***** The data

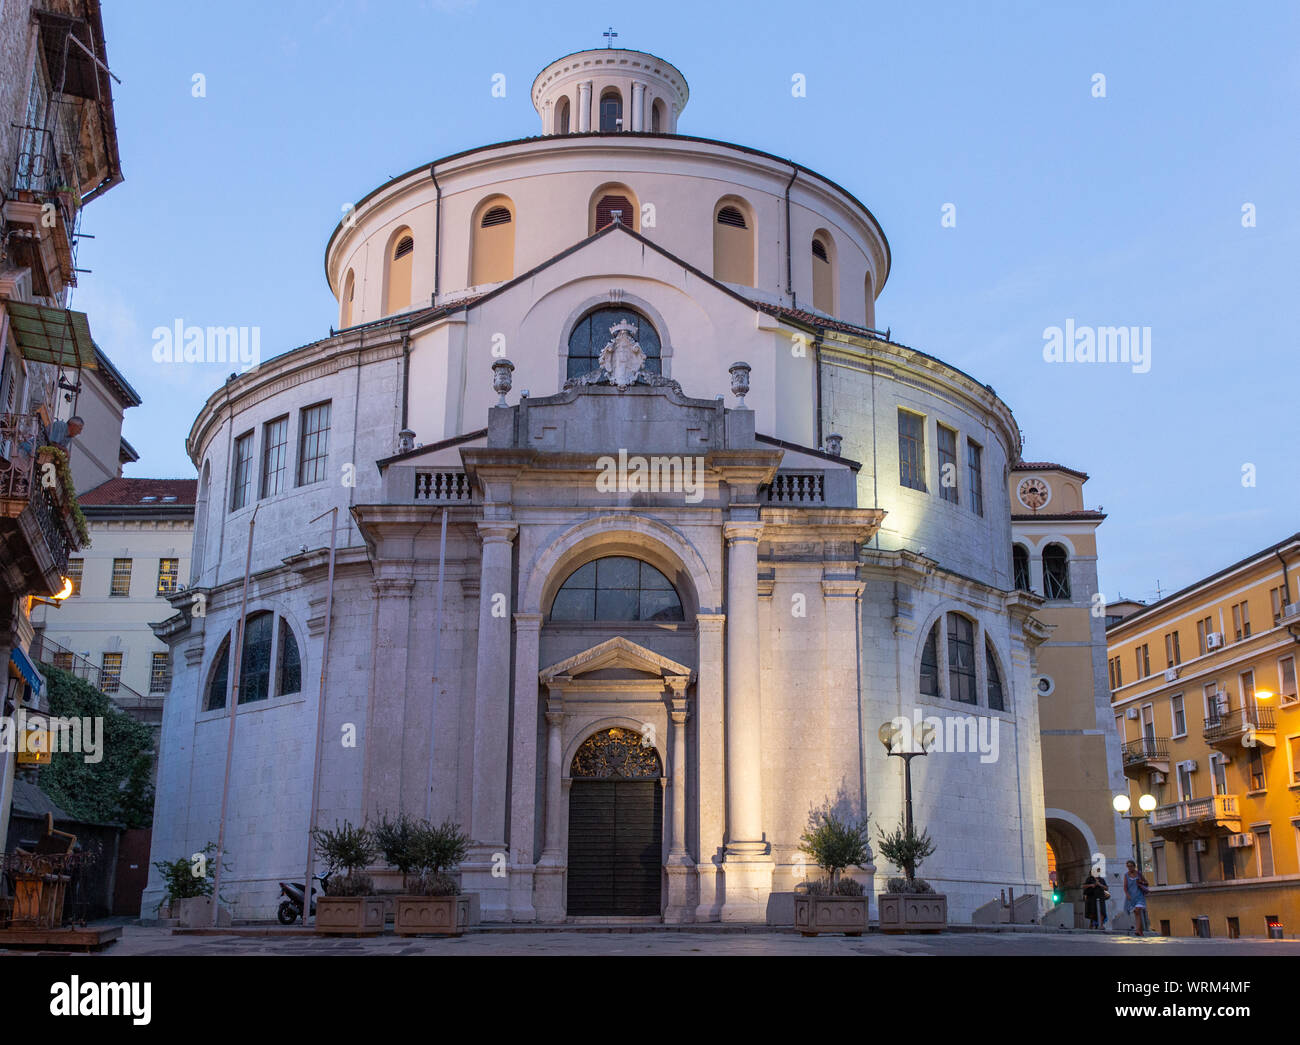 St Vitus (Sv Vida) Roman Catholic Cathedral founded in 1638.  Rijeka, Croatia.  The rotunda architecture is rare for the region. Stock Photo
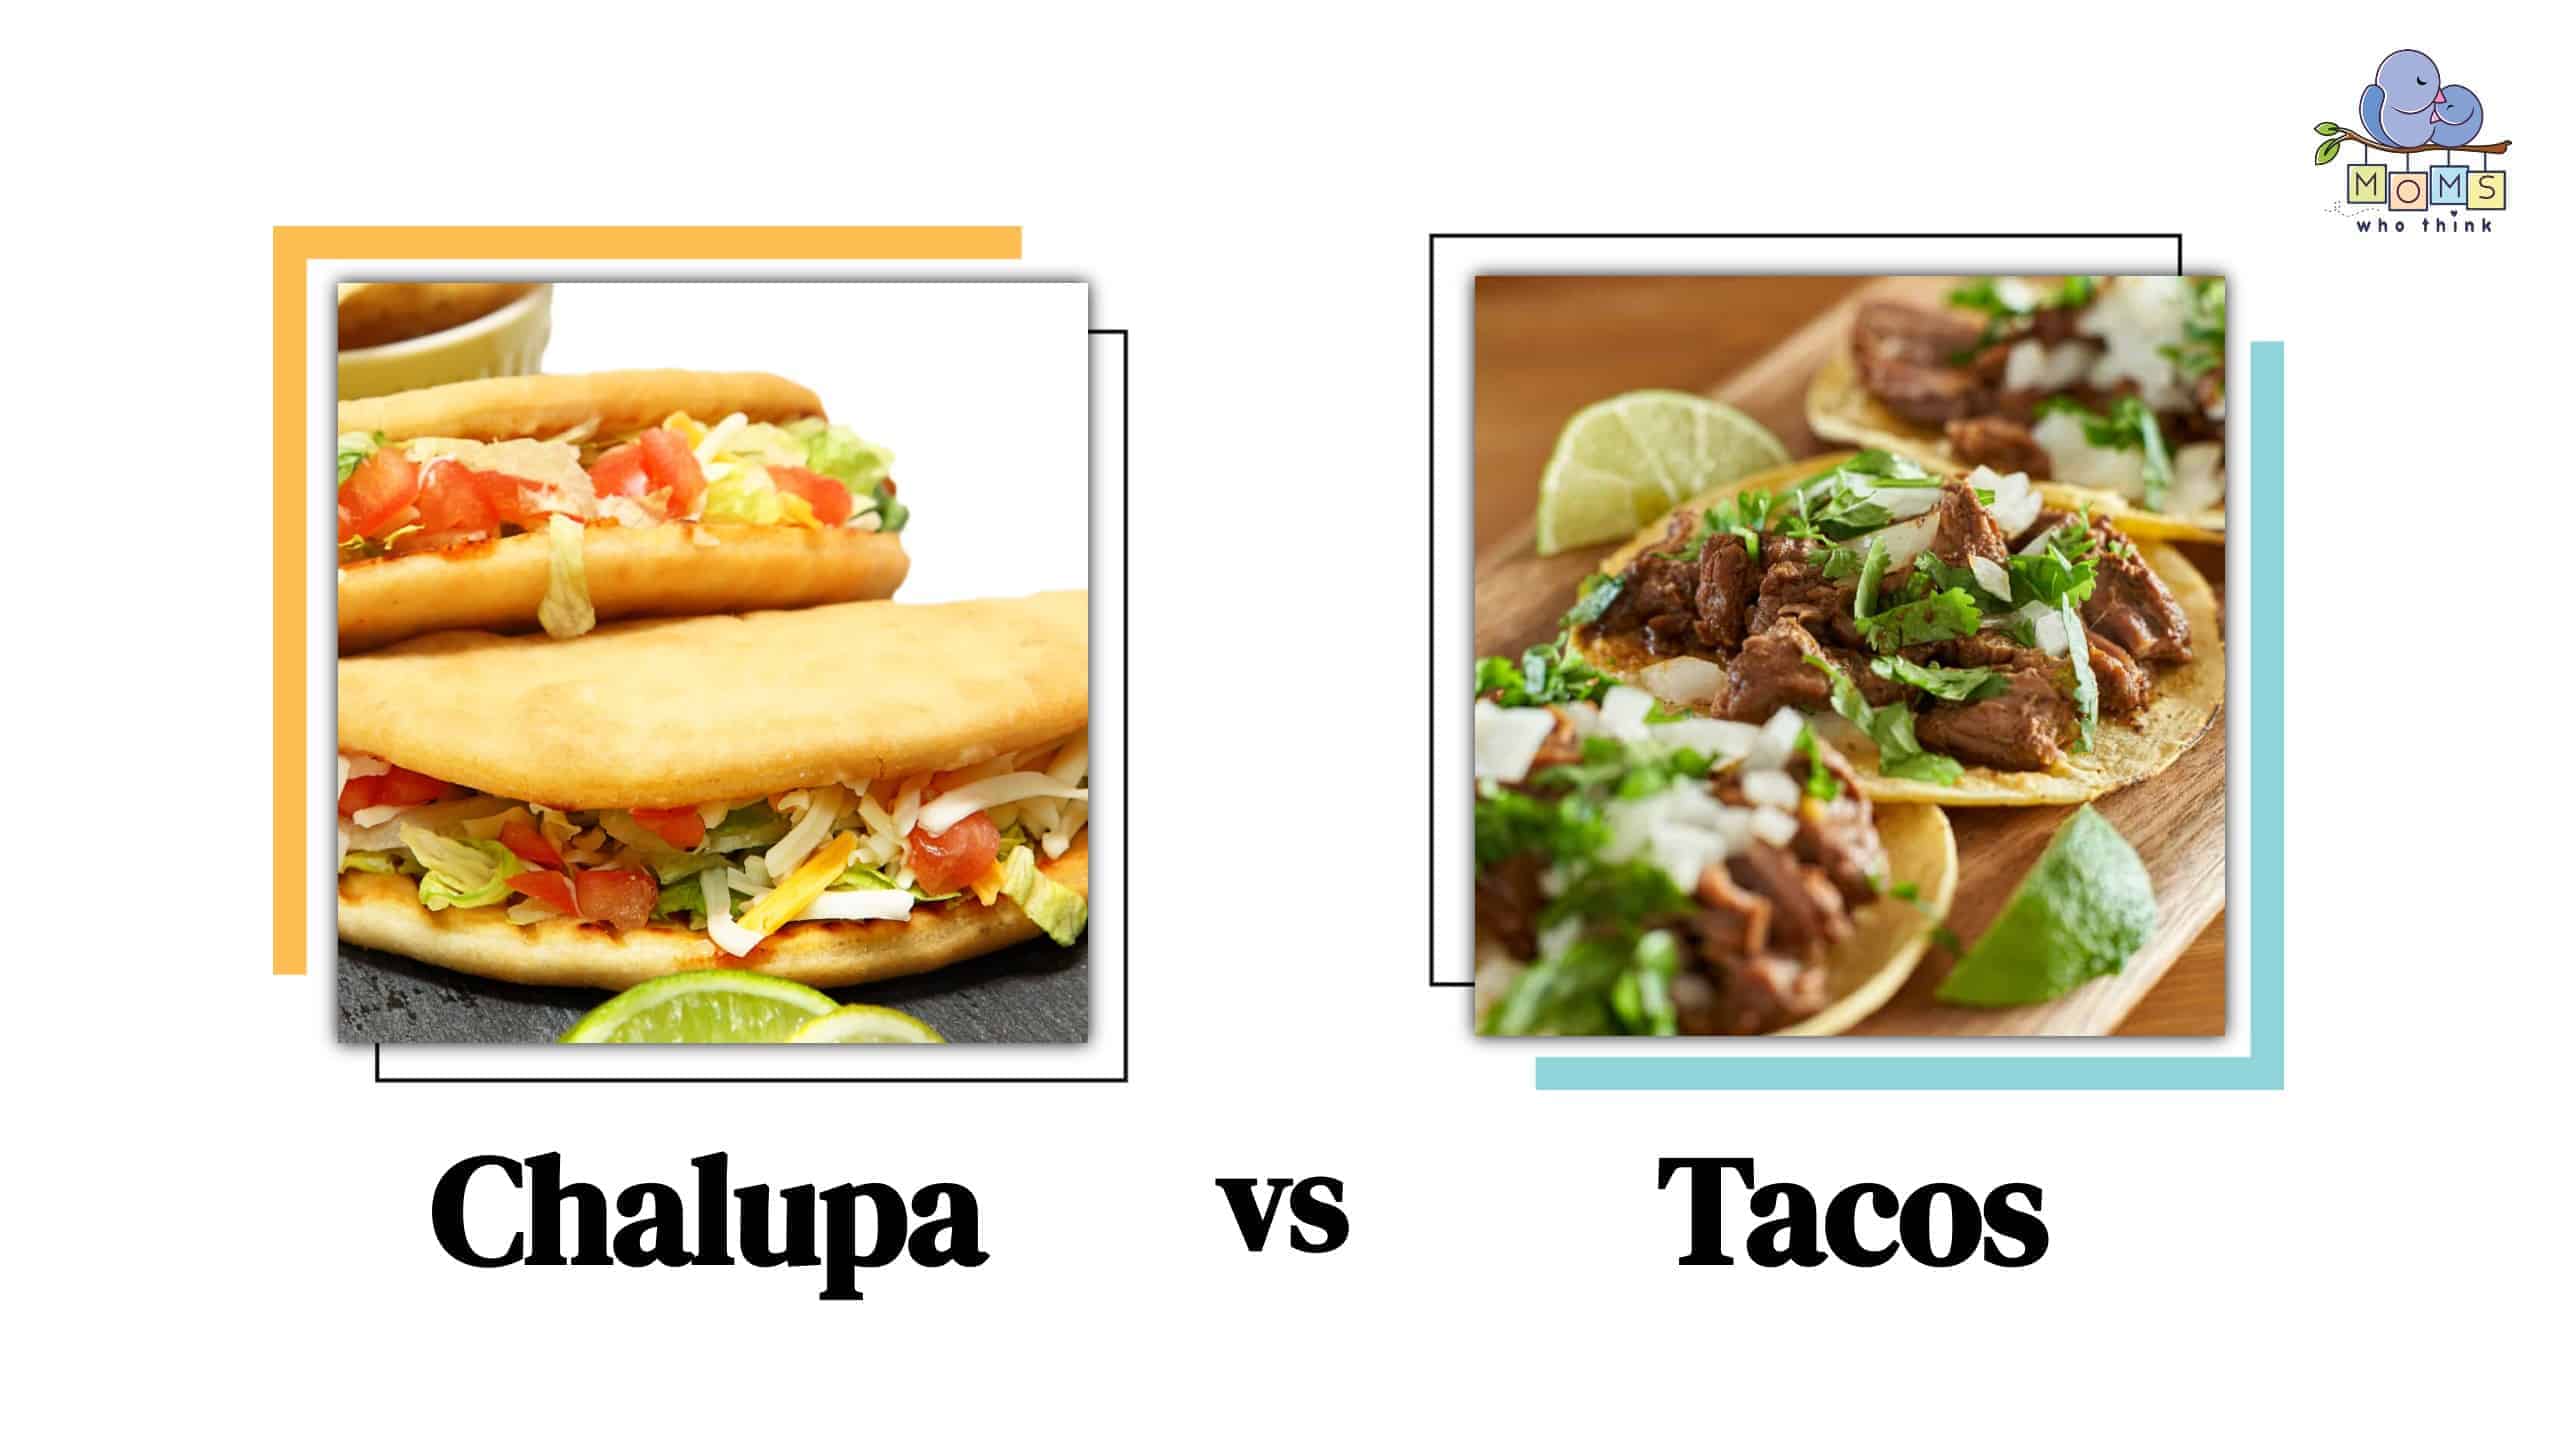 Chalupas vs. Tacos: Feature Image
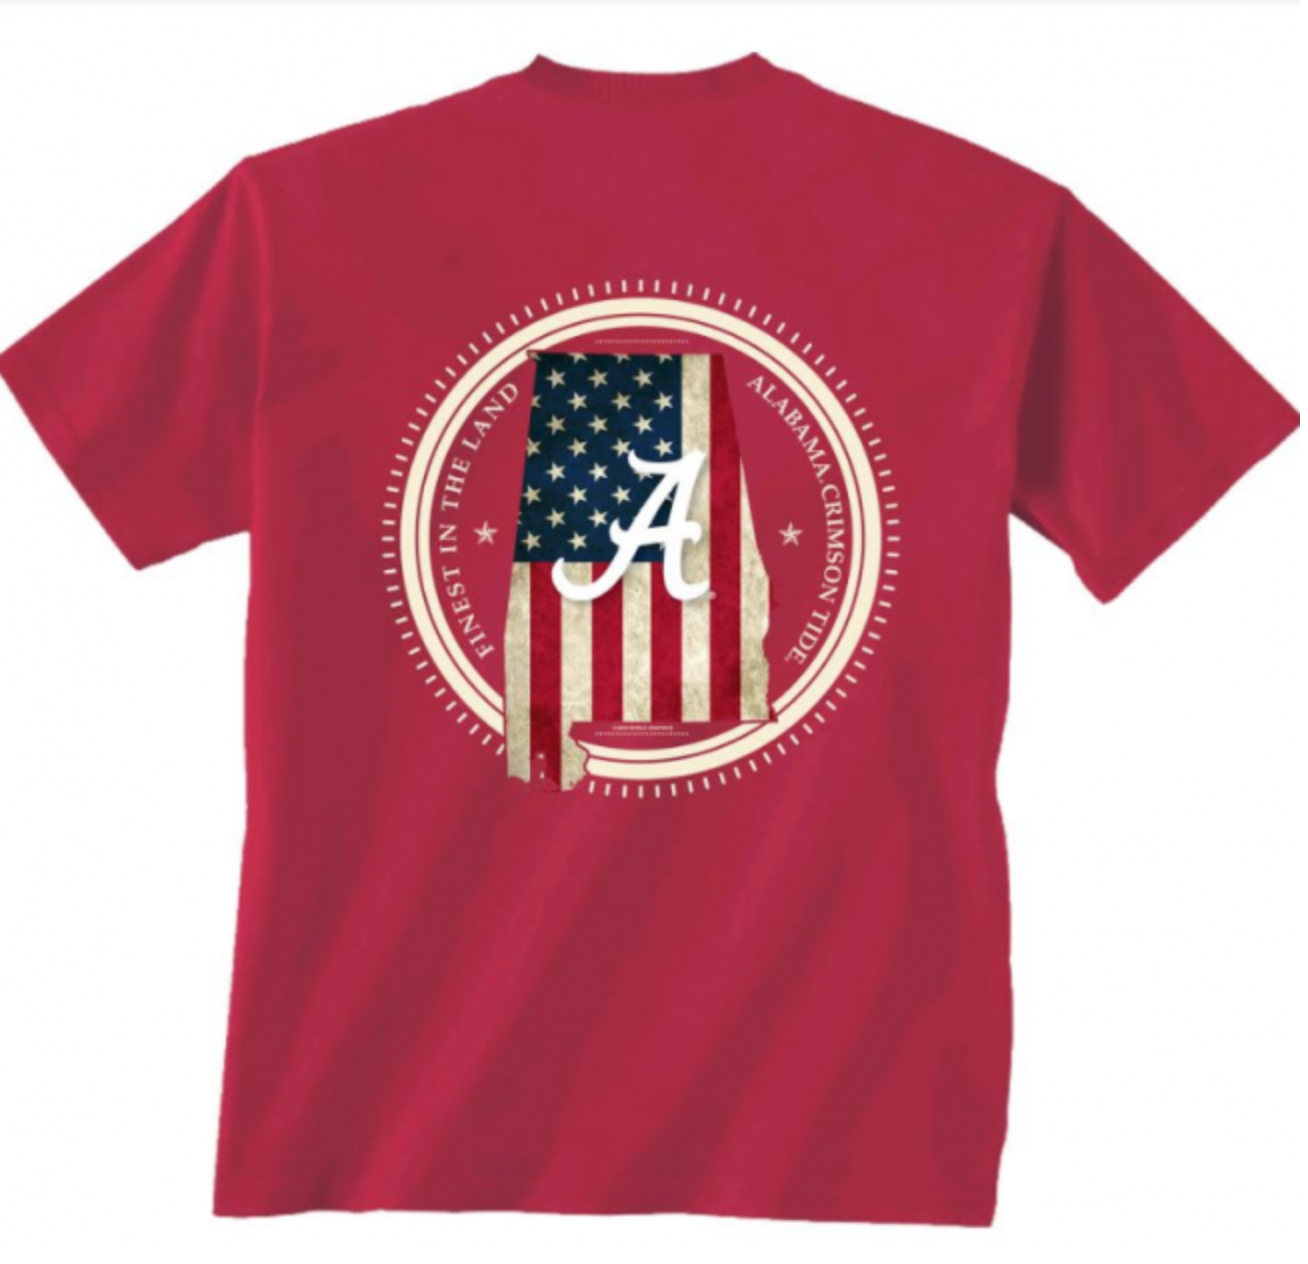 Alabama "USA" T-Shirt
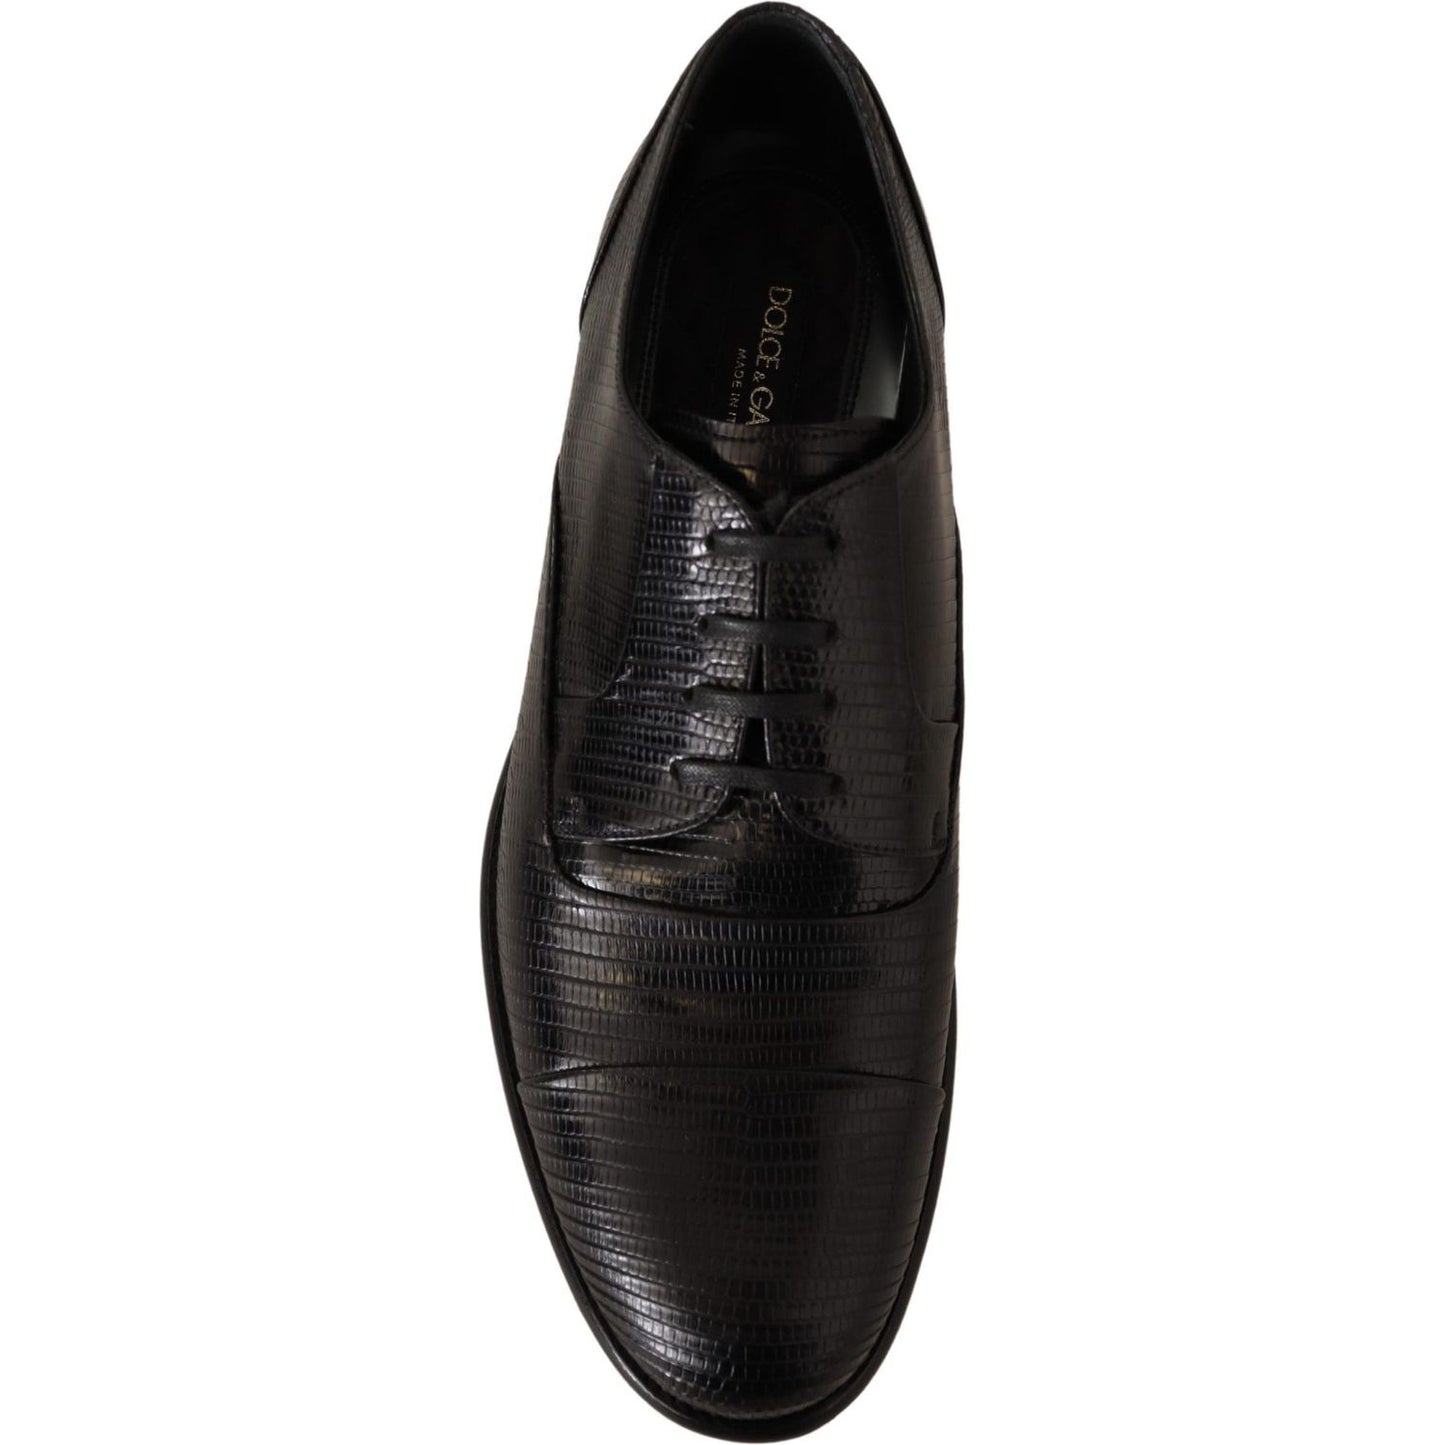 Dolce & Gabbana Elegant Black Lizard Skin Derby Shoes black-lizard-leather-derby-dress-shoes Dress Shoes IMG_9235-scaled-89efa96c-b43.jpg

**********

# Problem to work on
Pictures must not appear in the copy, which must otherwise match the listing exactly.

# Your response
 St Vitus (Sv Vida) Roman Catholic Cathedral founded in 1638.  Rijeka, Croatia.  The rotunda architecture is rare for the region. Stock Photo
 Chalupas vs. Tacos: Feature Image
 Alabama "USA" T-Shirt
 Dolce & Gabbana Elegant Black Lizard Skin Derby Shoes black-lizard-leather-derby-dress-shoes Dress Shoes IMG_9235-scaled-89efa96c-b43.jpg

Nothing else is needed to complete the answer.